Да, неплохо придумано. Но надо как-то избавиться от дыма. Невыносимо щиплет глаза, тесно в груди.

Мы с дежурным поставили поленья вертикально, и пламя разгорелось. Дымок мало-помалу начал подниматься кверху и рассеиваться. В шалаше стало теплее, уютнее. Мучительный кашель сонных бойцов прекратился.

Я вернулся в свой чум, штабной. Здесь костер горел нормально. Подкатив к нему бревно, устроился поудобнее и, прежде чем растянуться на еловом матрасе, решил коротко отметить в дневнике события сегодняшнего дня.

— Товарищ капитан, разрешите доложить.

Это вернулся связной из Забелья.

— Ну, что там слышно?

— Никакого движения ни на хутор, ни с хутора не замечено.

— Хорошо, отдыхайте.

Глезин, Корабельников и Чернышов спят, вытянув ноги поближе к огню. Того и гляди поджарят подошвы. Надо, пожалуй, использовать опыт Палихи.

2

За три недели в тылу врага отряд записал на свой счет лишь один мост, взорванный близ станции Опухлики. Почти все время ушло на переход и организацию надежной базы. Однако в эти дни мы все же почти непрерывно вели разведку и успели собрать немало сведений, представлявших, по нашему мнению, значительный интерес не только для нас, но и для Верховного Главнокомандования.
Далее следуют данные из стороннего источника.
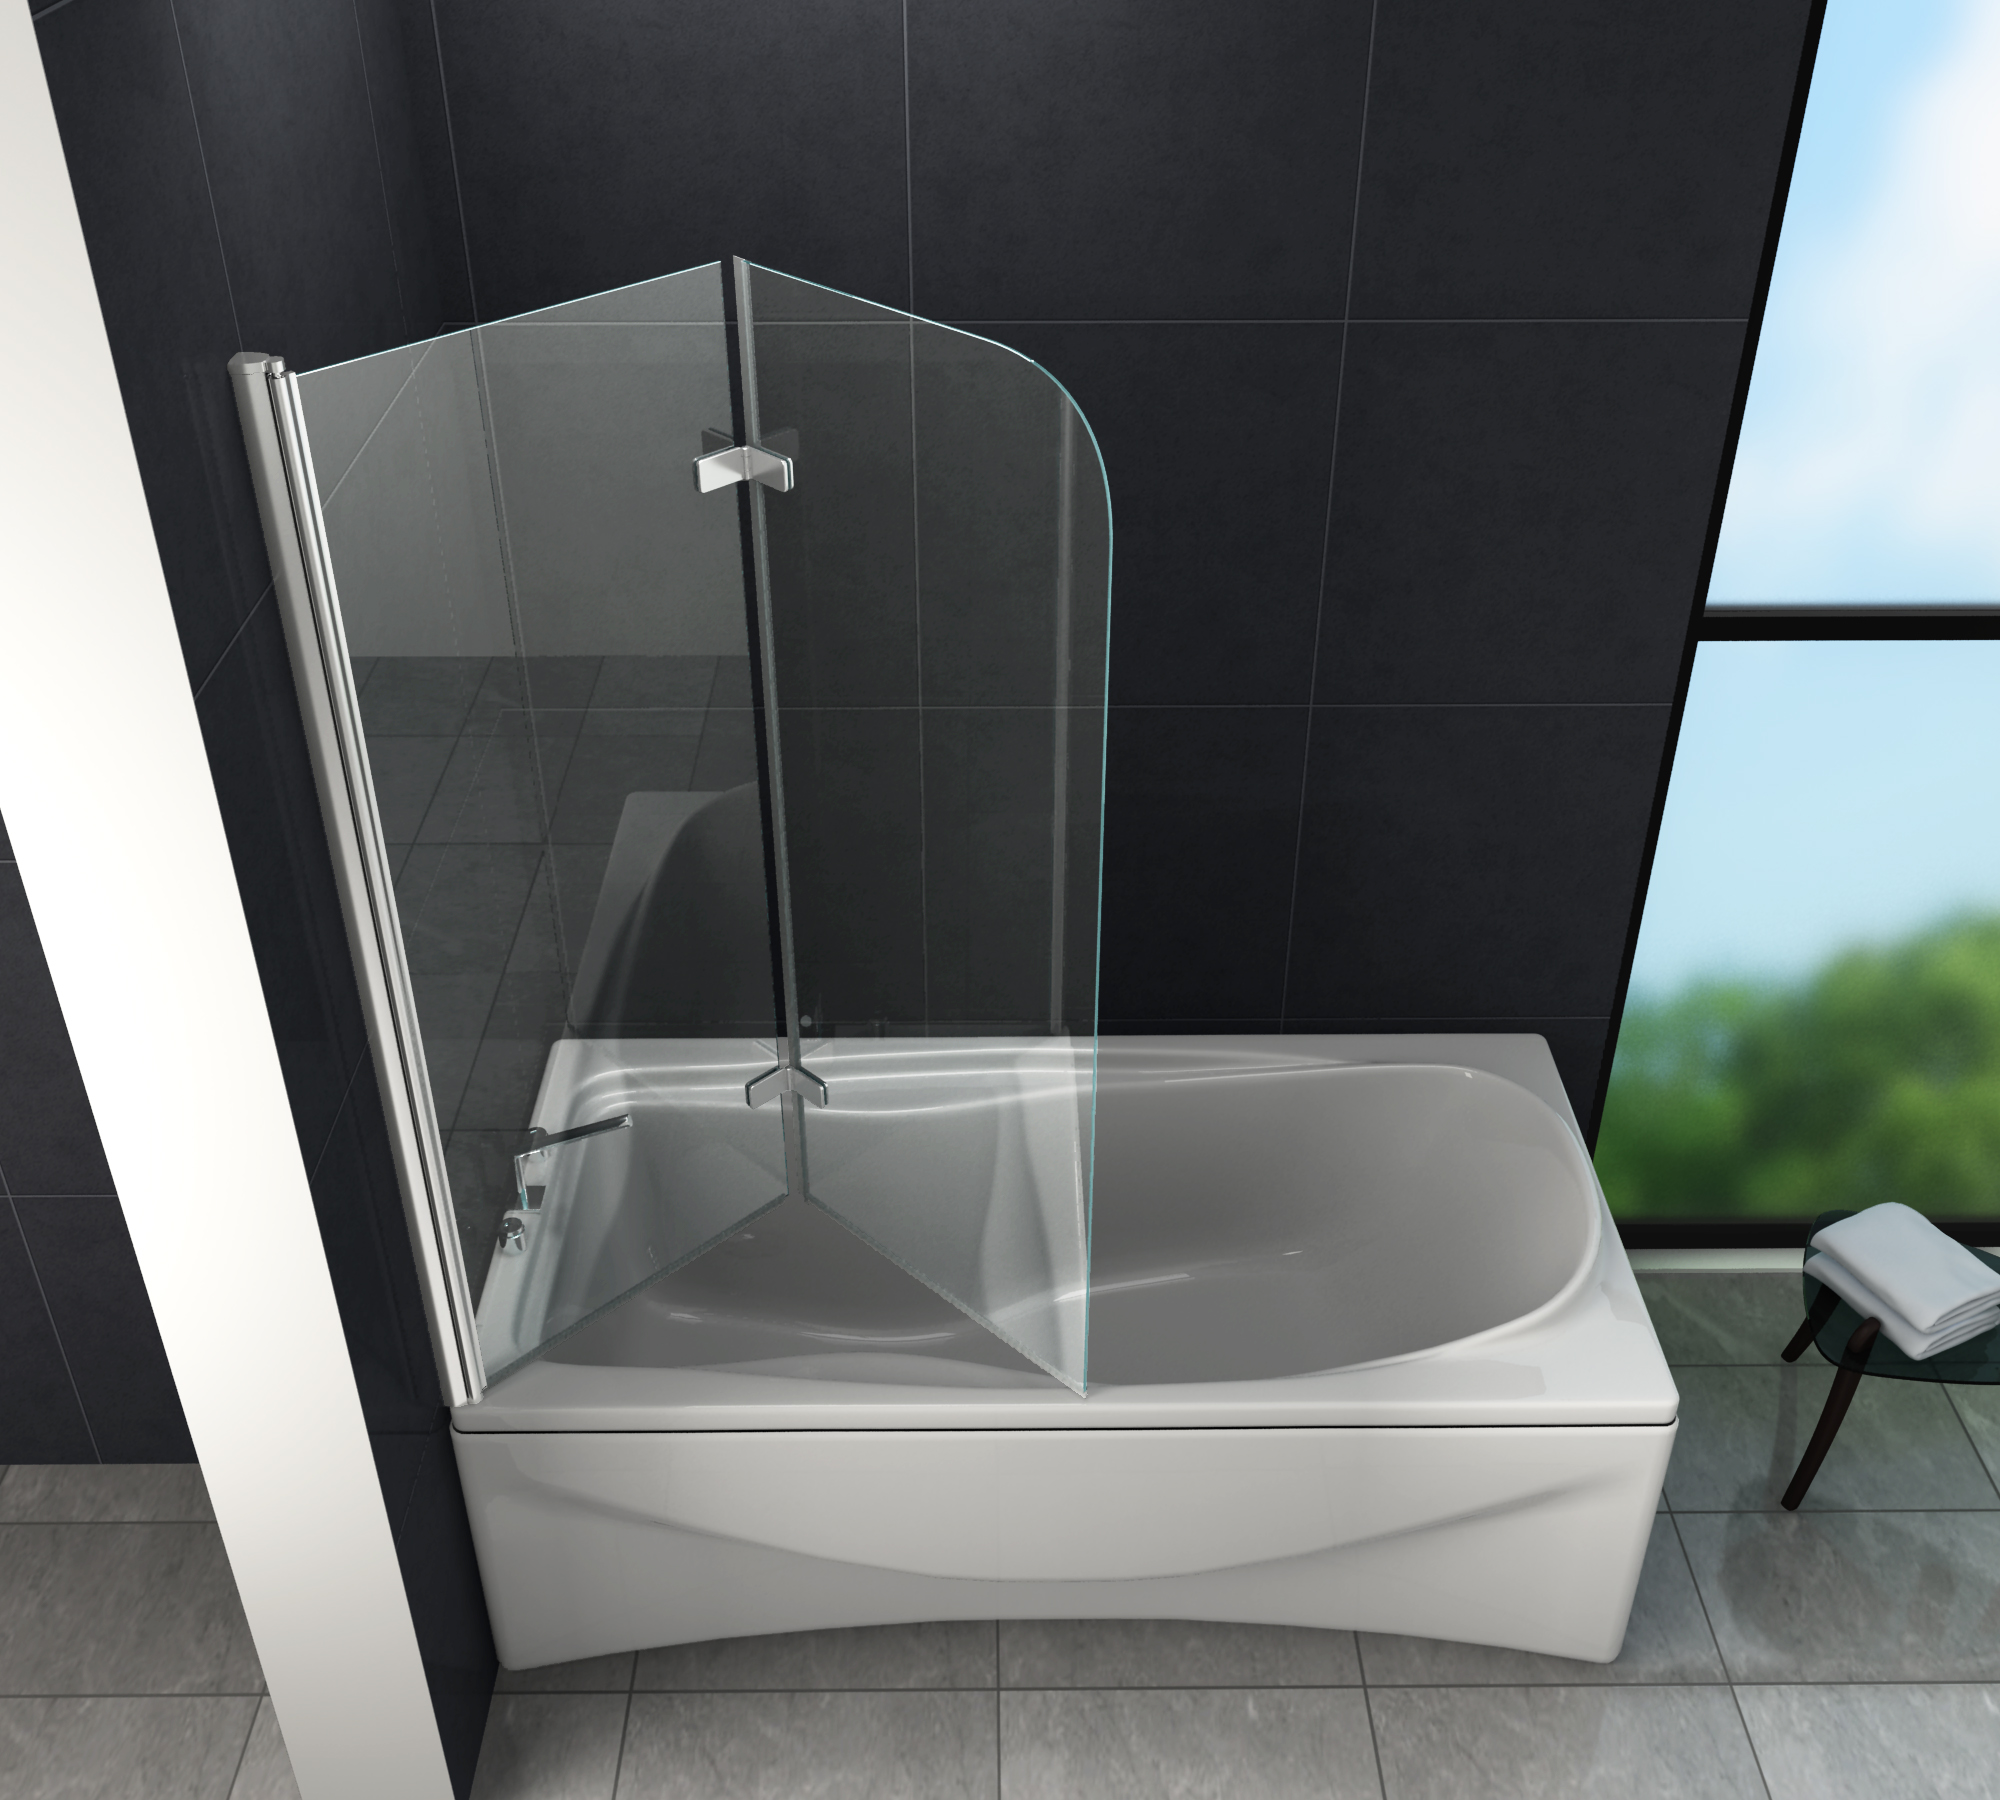 Duschtrennwand brease 100 x 140 badewanne glasdeals - Badewanne duschtrennwand ...
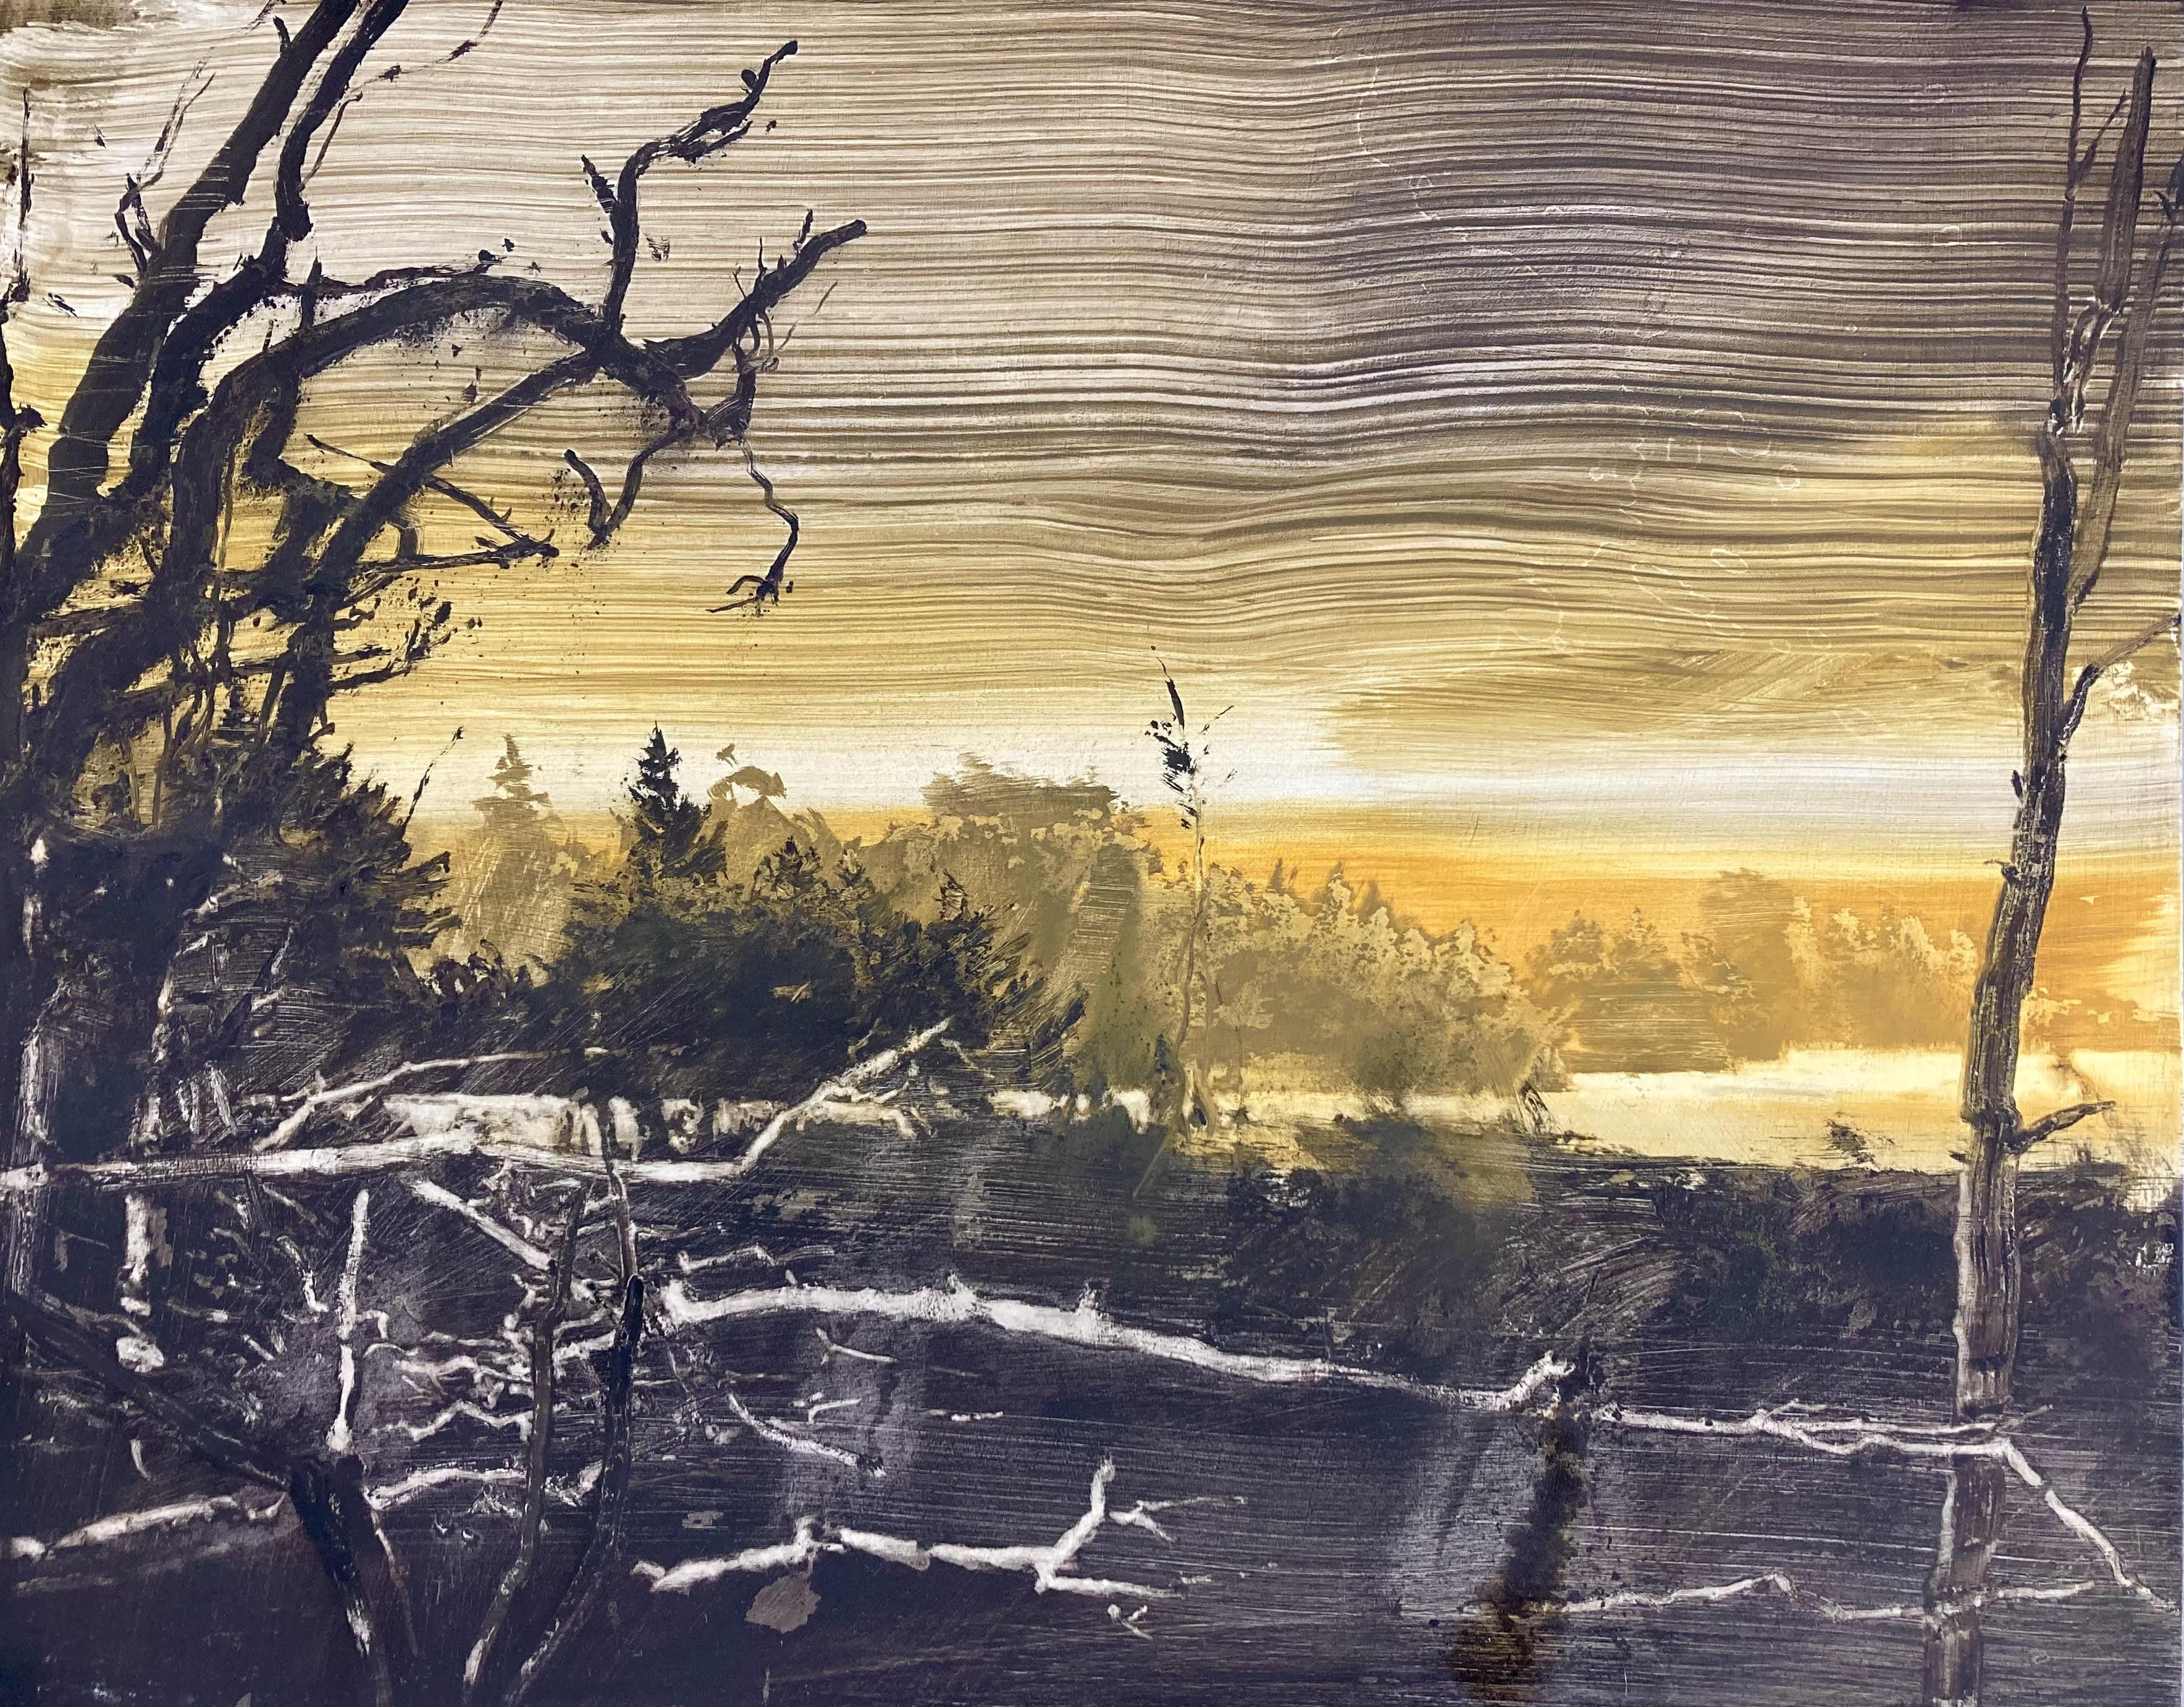 Lake edge - summer solstice by David Smith

С помощью местных жителей удалось установить, что на окраине города Полоцка немцы создали большую базу горючего. Мы ознакомились с состоянием железнодорожных путей и получили некоторое представление о грузах противника. Заслуживали серьезного внимания и другие данные. У руководства отряда появились конкретные [49] предложения, возникла необходимость посоветоваться с Москвой.

У нас имелась радиостанция «Белка». Однако связь с центром по рации поддерживалась редко. Во-первых, «Белка», как ее ни лелеяли, была не совсем исправна, во-вторых, большая часть электрических батарей, предназначенных для ее питания, отсырела в пути и разрядилась. Кроме того, вести длинную передачу опасно: немцы могут запеленговать.

При таких условиях отсутствовала уверенность, что с помощью радиостанции удастся передать в столицу все важные сведения и вопросы и получить оттуда достаточно обстоятельную консультацию.

Поэтому мы решили послать в Москву людей и составили донесение. Чернышову вместе с бойцом Индыковым поручили проводить связных через наиболее опасную зону.

К вечеру двадцать восьмого марта все подготовили. Документы упаковали так, чтобы в случае опасности их можно было немедленно взорвать.

Как обрадовались бойцы, узнав приятную новость: в Москву идут связные и всем разрешено послать письма родным.

Присев на корточки, согревая дыханием стынущие пальцы, люди торопились при свете костров, лучин передать на клочках бумаги своим близким слова любви и привета.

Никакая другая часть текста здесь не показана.